Solid Tylu 7 is a very bold, wide, medium contrast, upright, tall x-height font.
Keywords: posters, headlines, logos, titles, packaging, industrial, brutalist, glitchy, game-like, menacing, high impact, distressed effect, industrial tone, silhouette-first, blocky, angular, stencil-like, notched, cutout.
A heavy, block-constructed display face built from squared forms and hard angles, with frequent notches, clipped corners, and chiseled-looking cuts. Counters are largely collapsed, so most letters read as solid silhouettes punctuated by thin horizontal slits and occasional small pinhole apertures near the top. Strokes feel monolinear in concept but are shaped by abrupt steps and mechanical breaks rather than smooth curves, creating a jagged rhythm and uneven internal spacing. Proportions are generally broad with a high x-height, while glyph widths vary noticeably from character to character, reinforcing an irregular, modular feel.

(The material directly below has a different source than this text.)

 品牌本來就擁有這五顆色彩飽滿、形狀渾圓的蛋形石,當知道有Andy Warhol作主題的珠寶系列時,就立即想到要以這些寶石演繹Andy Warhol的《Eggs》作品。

Best suited for large-scale display work where its solid silhouettes and cutout details can be appreciated—posters, album art, title cards, game UI headings, and striking logo wordmarks. It can also work for bold packaging or event graphics that benefit from an industrial, warning-sign presence, but is less comfortable for long passages or small text where the internal slits may reduce legibility.
The overall tone is aggressive and machine-made, with a hacked or distressed edge that suggests warnings, barricades, or industrial labeling. The slit-like cutouts add a subtle “interference” effect that can read as digital noise, giving the face a tense, game HUD or dystopian poster mood.

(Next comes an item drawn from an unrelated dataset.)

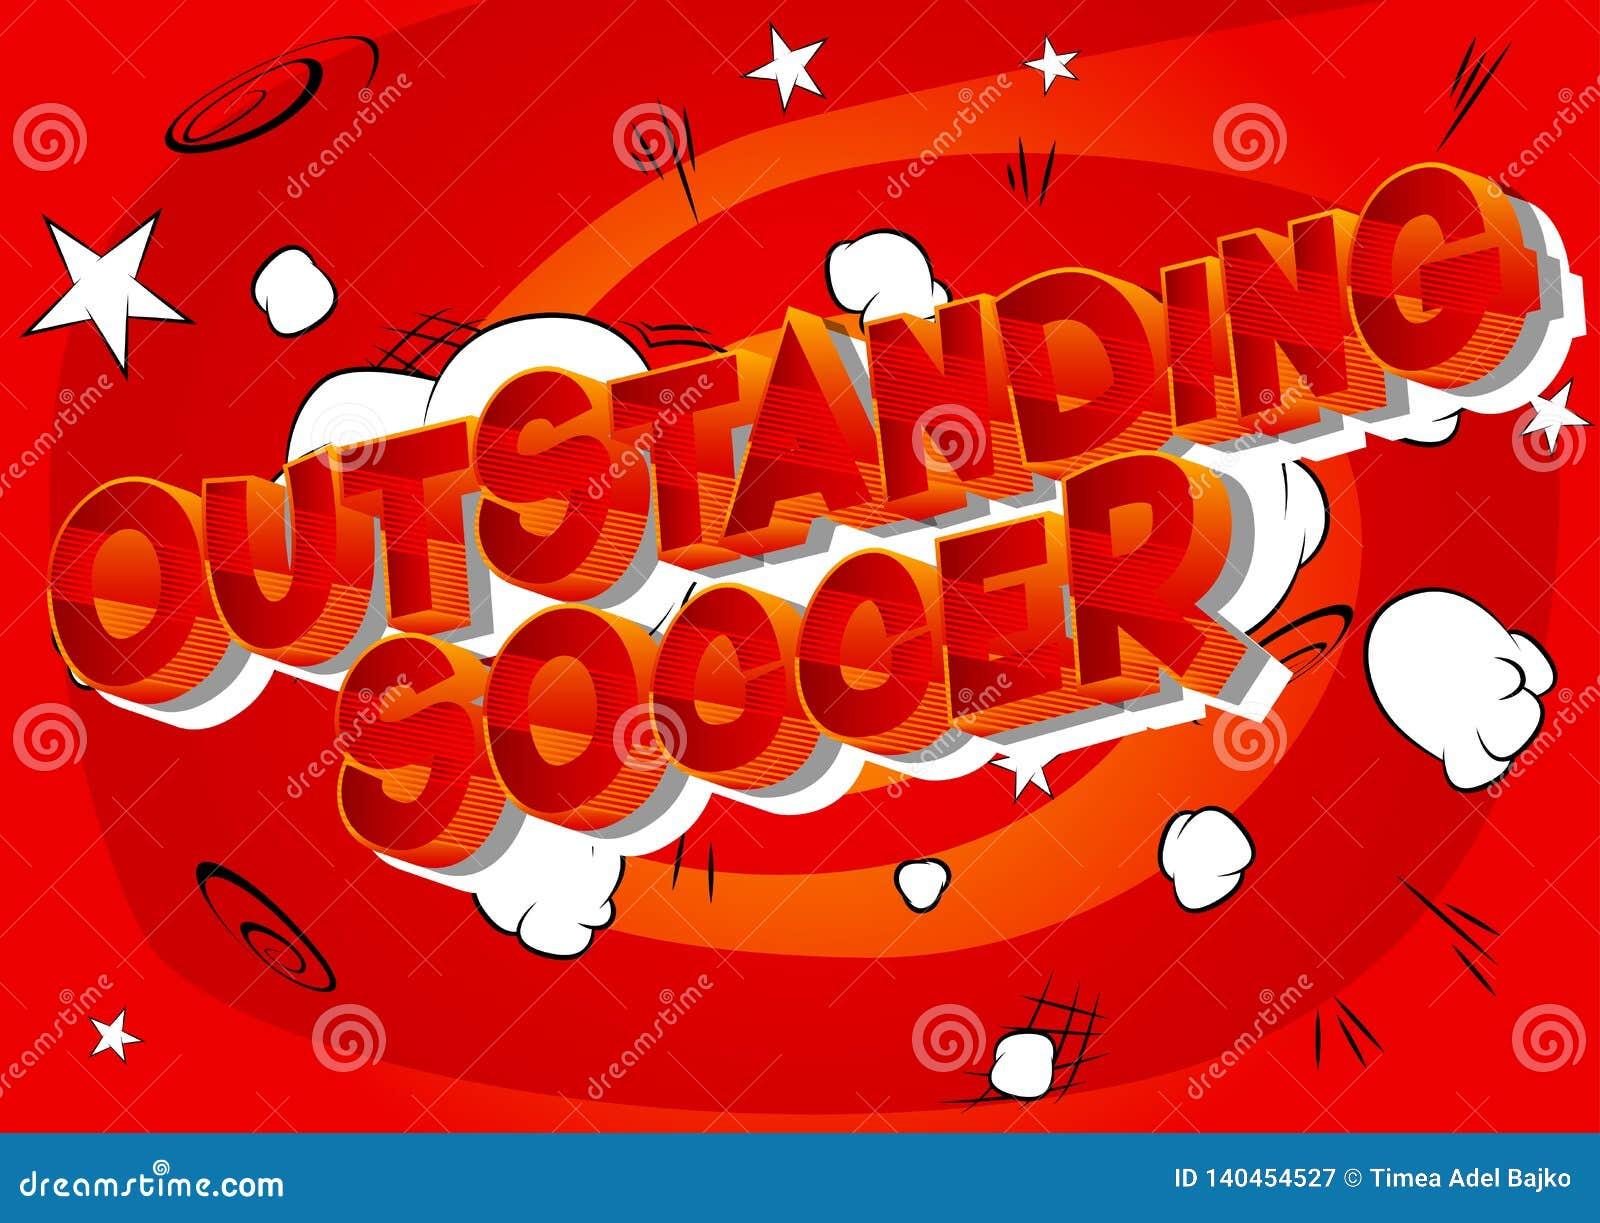 Le football exceptionnel - mots de style de bande dessinée

The design appears intended to deliver maximum impact through dense black shapes while adding character via carved notches and narrow cut lines. By collapsing counters and relying on silhouette plus mechanical cut details, it aims for a distinctive, rugged display voice rather than conventional readability.
At text sizes the thin internal slits can visually merge or drop out, shifting the balance between the solid mass and its cut details; the design reads most clearly when given room to breathe. The strong squared terminals and corner clipping create a consistent, stamped impression across uppercase, lowercase, and numerals, prioritizing silhouette recognition over traditional counter shapes.